MATERIAL SUPPLIED
──────

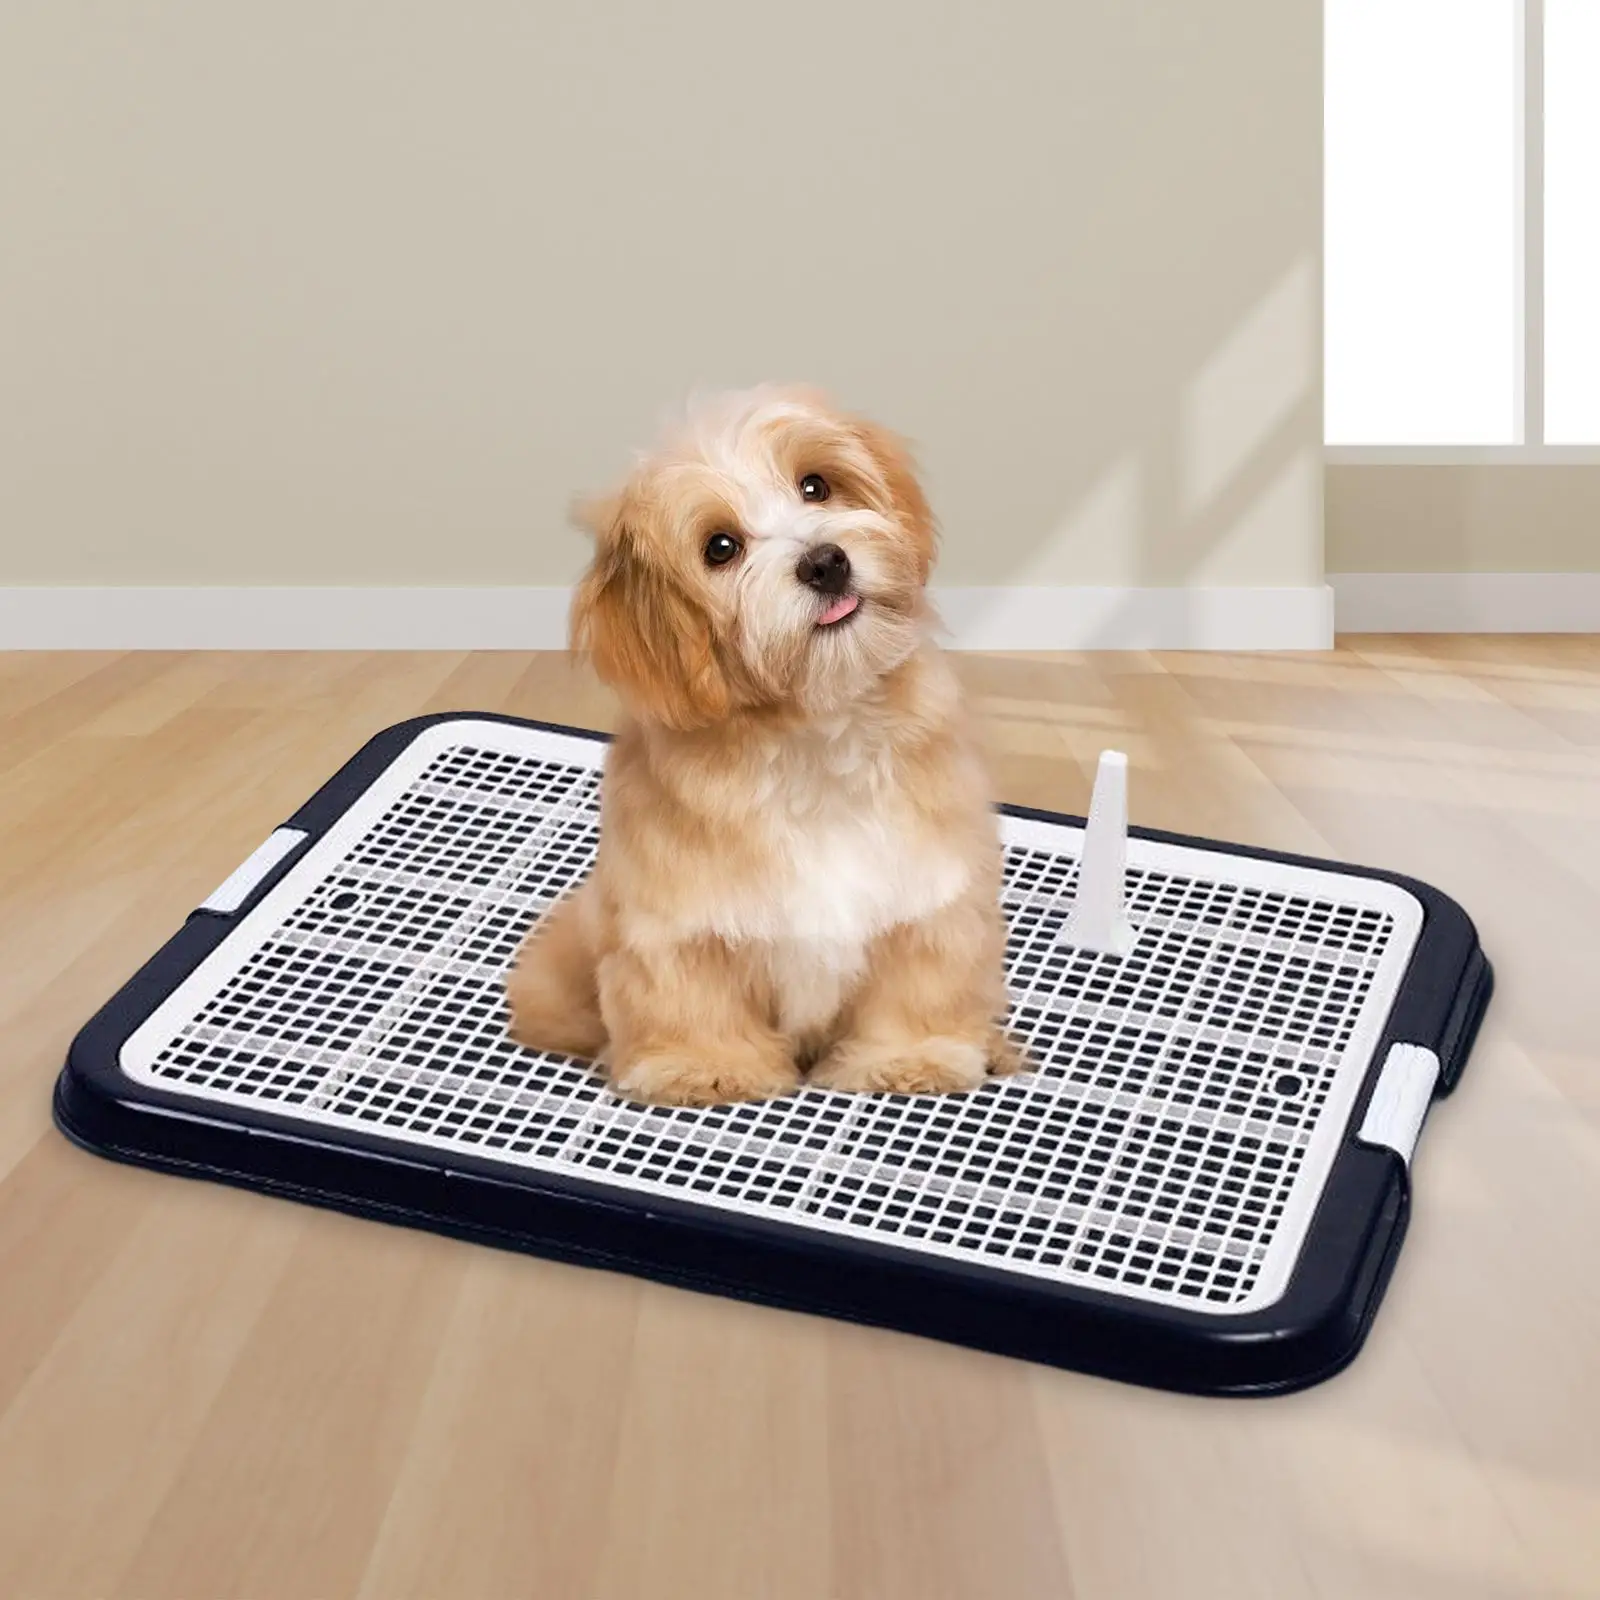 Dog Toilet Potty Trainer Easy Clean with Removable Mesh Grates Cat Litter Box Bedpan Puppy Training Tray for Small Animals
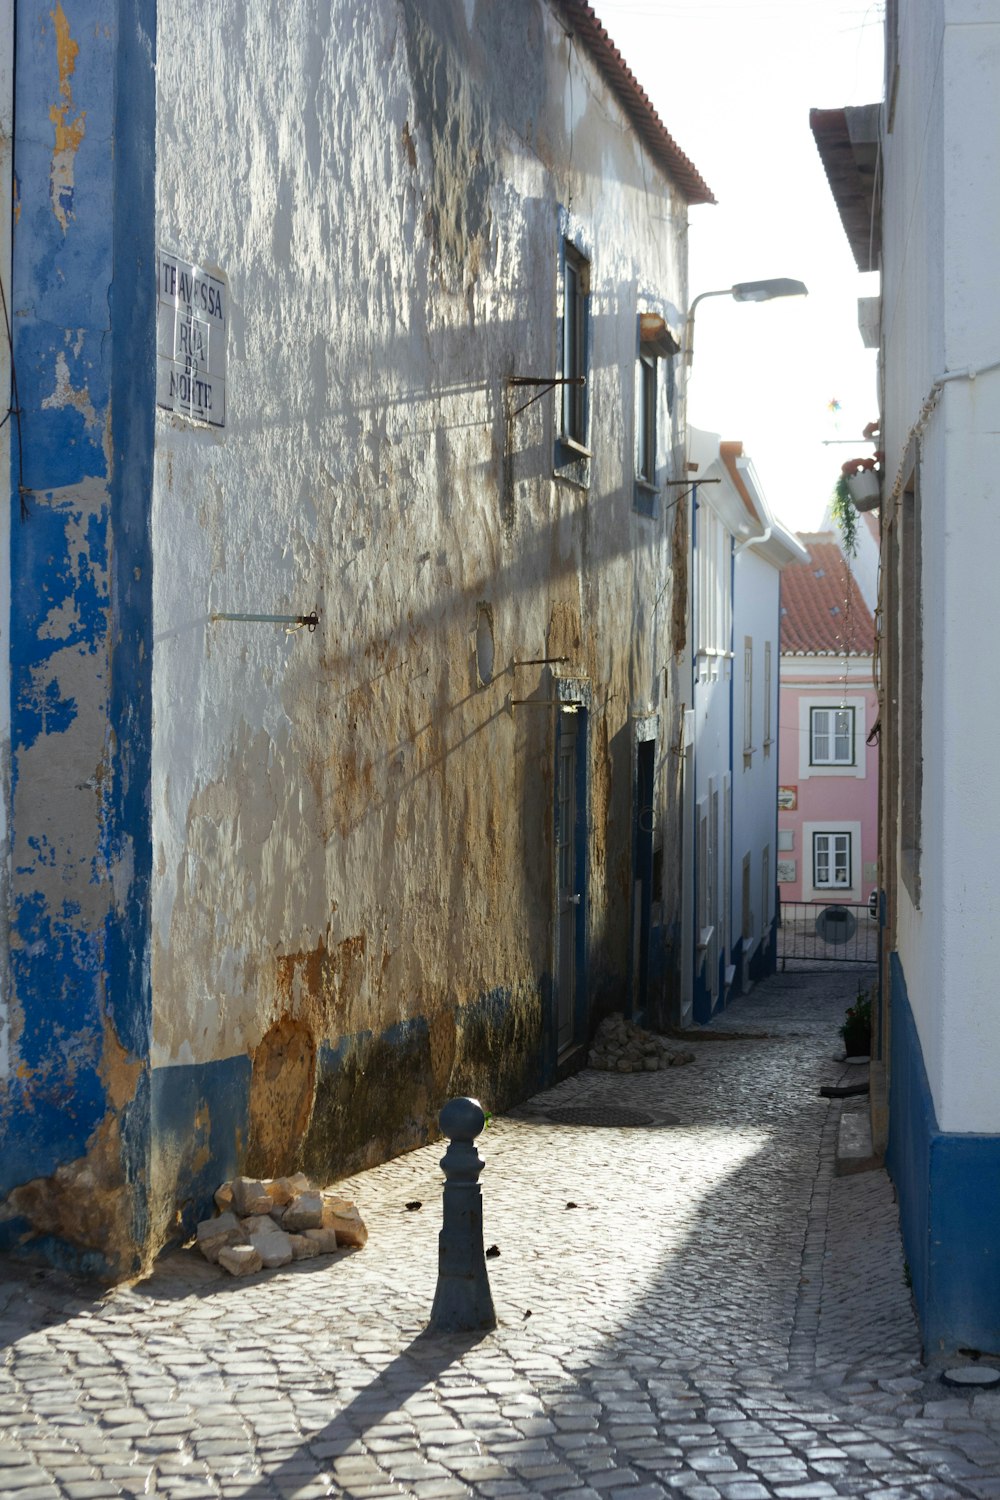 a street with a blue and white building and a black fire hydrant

──────

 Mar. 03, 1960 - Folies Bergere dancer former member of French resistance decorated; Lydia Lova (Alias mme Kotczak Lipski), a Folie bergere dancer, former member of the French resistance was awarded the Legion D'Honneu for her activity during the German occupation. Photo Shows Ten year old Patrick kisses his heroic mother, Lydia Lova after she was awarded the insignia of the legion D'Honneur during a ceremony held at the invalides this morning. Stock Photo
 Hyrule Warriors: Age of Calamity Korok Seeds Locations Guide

──────

EXERCISE OBJECTIVE
Above are the records; copy from them only the lines starting at the one containing "Dog Toilet Potty" and ending at the one containing "a street with", exactly and without pictures.

TASK OUTPUT
 Dog Toilet Potty Trainer Easy Clean with Removable Mesh Grates Cat Litter Box Bedpan Puppy Training Tray for Small Animals
 a street with a blue and white building and a black fire hydrant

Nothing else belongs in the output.